Macsali menyampaikan bahwa tidak ada jawaban iilmiah yang bisa menjadi landasan mengapa ini terjadi.
Sebaliknya, masa krisis cenderung disertai dengan penurunan angka kelahiran.
"Menunda memiliki anak di masa krisis adalah hal yang biasa, jadi ini menyimpang dari polanya," jelas Macsali.
Pernyataannya itu merujuk pada laporan sebelumnya dari Amerika Serikat (AS) dan Eropa yang menunjukkan bahwa ketidakpastian ekonomi mempengaruhi angka kelahiran secara negatif.
Demografer Svenn-Erik Mamelund dari Oslo Metropolitan University menunjukkan kepada portal penelitian Forskning bahwa pada 1918, saat flu Spanyol yang mematikan itu melanda Norwegia, angka kelahiran pun turun sebesar 6,3 persen.
"Namun, ini tampaknya tidak mempengaruhi angka di Norwegia.

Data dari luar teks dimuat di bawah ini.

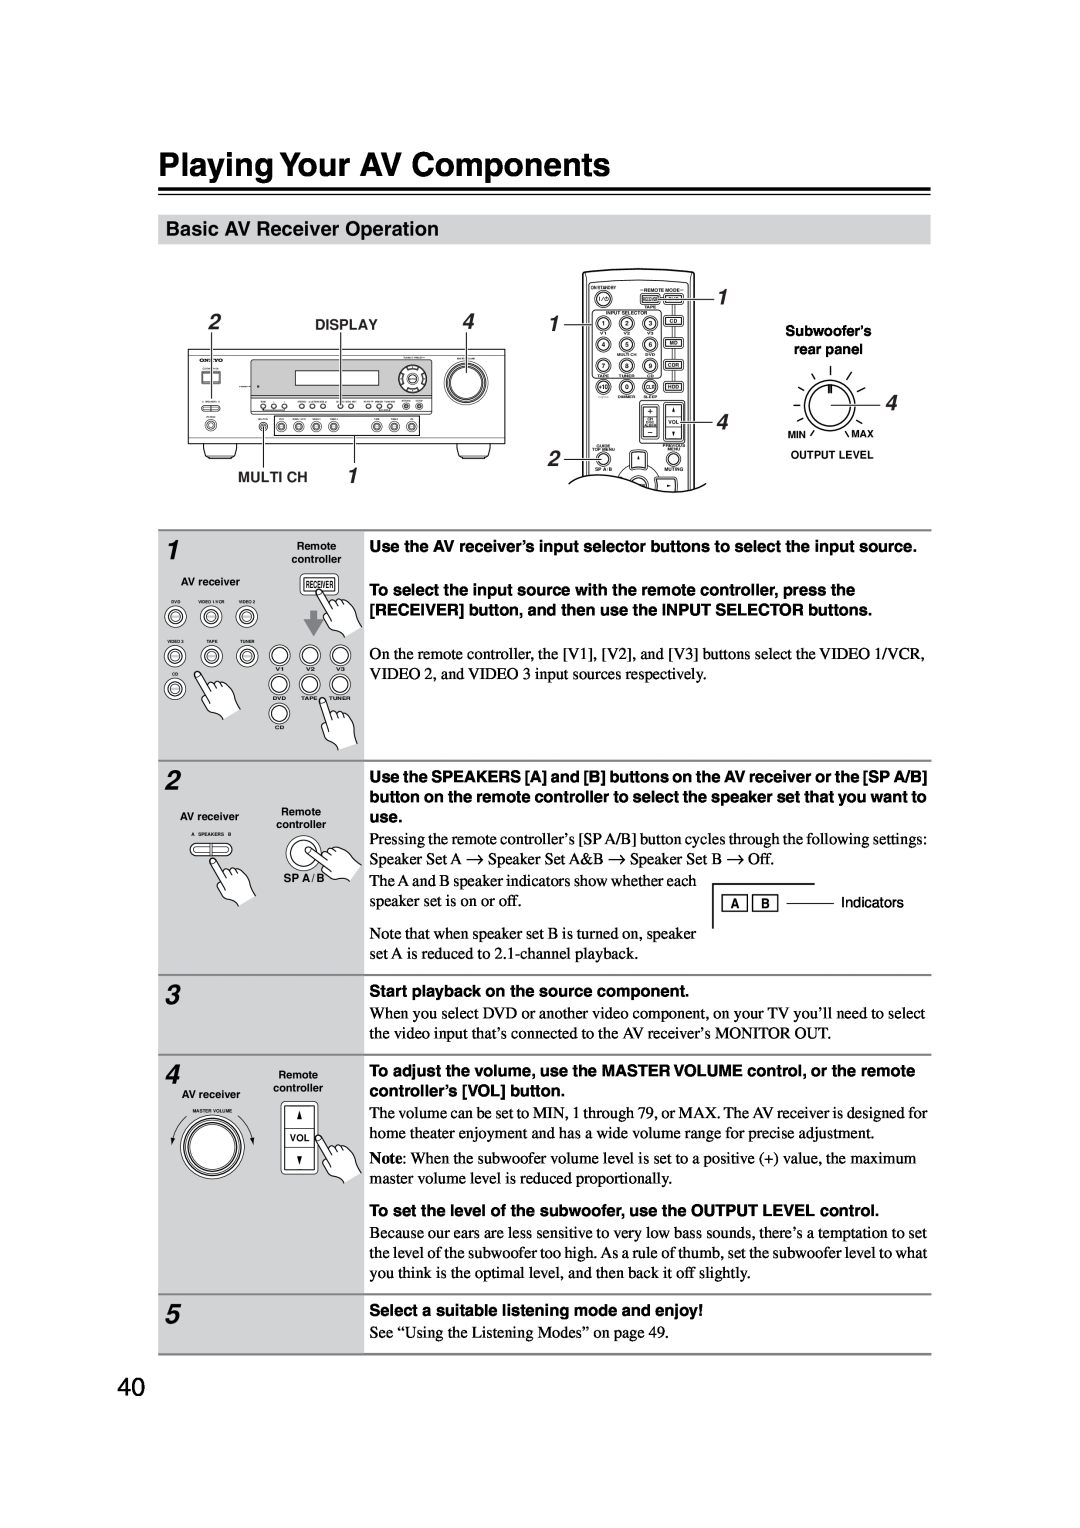 Onkyo HT-S4100 instruction manual Playing Your AV Components, Basic AV Receiver Operation 
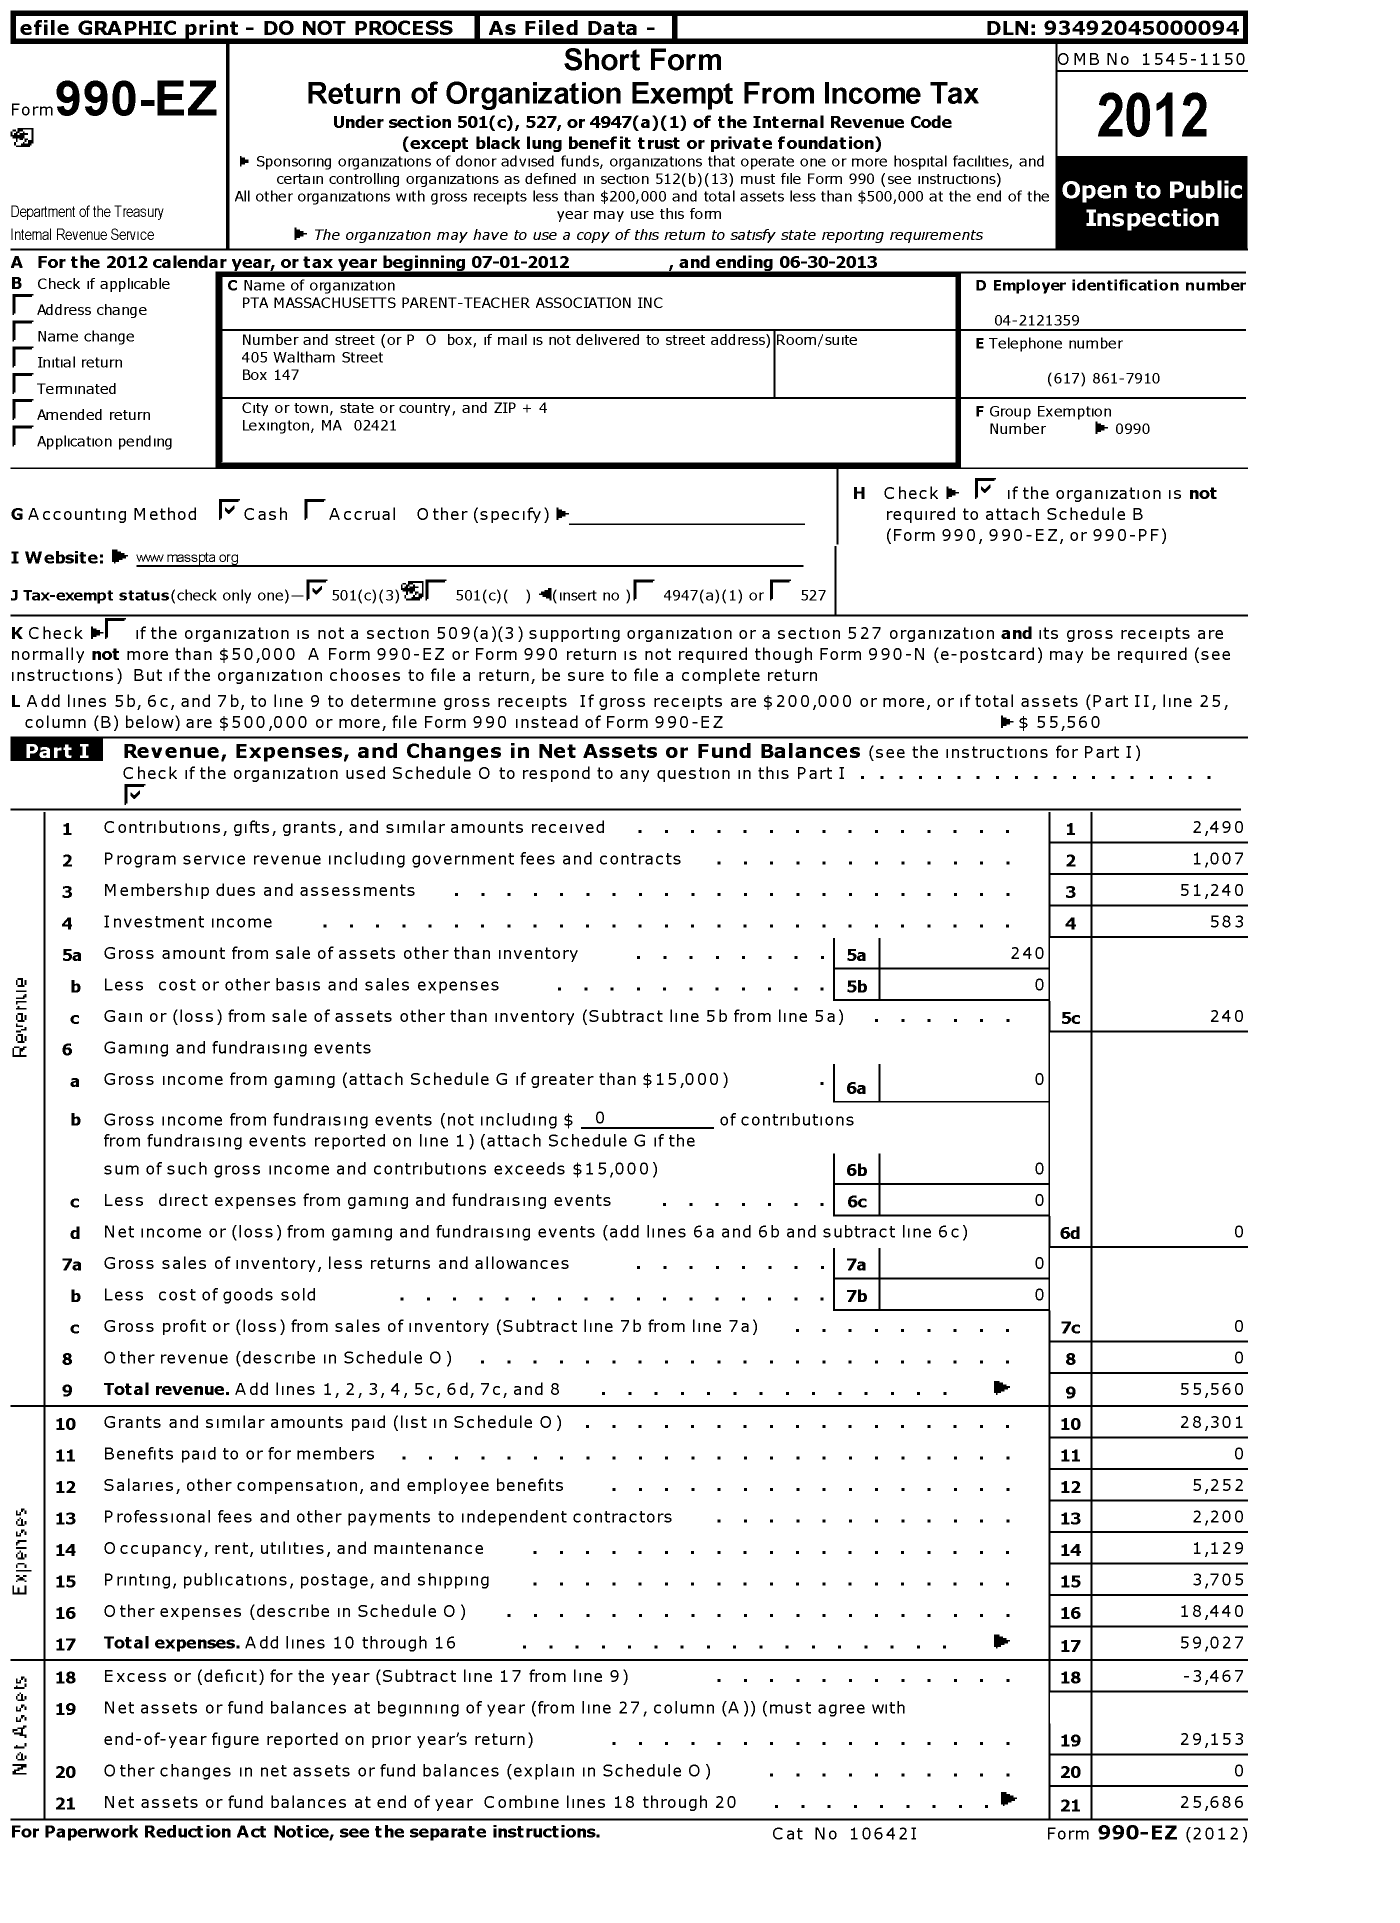 Image of first page of 2012 Form 990EZ for PTA Massachusetts Parent-Teacher Association

Angka awal untuk seluruh dunia menunjukkan bahwa Denmark, Belanda, Hongaria dan Kroasia juga telah meningkatkan angka kelahiran dari musim dingin dan musim semi 2021. Namun, untuk sebagian besar negara Eropa lainnya, tidak ada perubahan atau penurunan," tegas Macsali.
Sebelum mengalami ledakan kelahiran yang tidak terduga saat Covid-19, tingkat kesuburan Norwegia pun telah turun setiap tahun sejak 2009 silam, memecahkan beberapa rekor tahunan berturut-turut dan mencapai titik terendah sepanjang masa dengan hanya 1,48 anak per perempuan pada 2020, meskipun ada rekor jumlah aborsi yang rendah.
Di tengah tingkat kesuburan yang menurun, seperti rekan-rekan Nordiknya, Norwegia semakin kuat untuk menarik perhatian imigran dari negara-negara dekat dan jauh, sebagian untuk meringankan kesengsaraan demografisnya dan untuk memuaskan dahaga pasar akan tenaga kerja.
Saat ini, jumlah imigran mencapai 18,2 persen dari 5,3 juta penduduk Norwegia.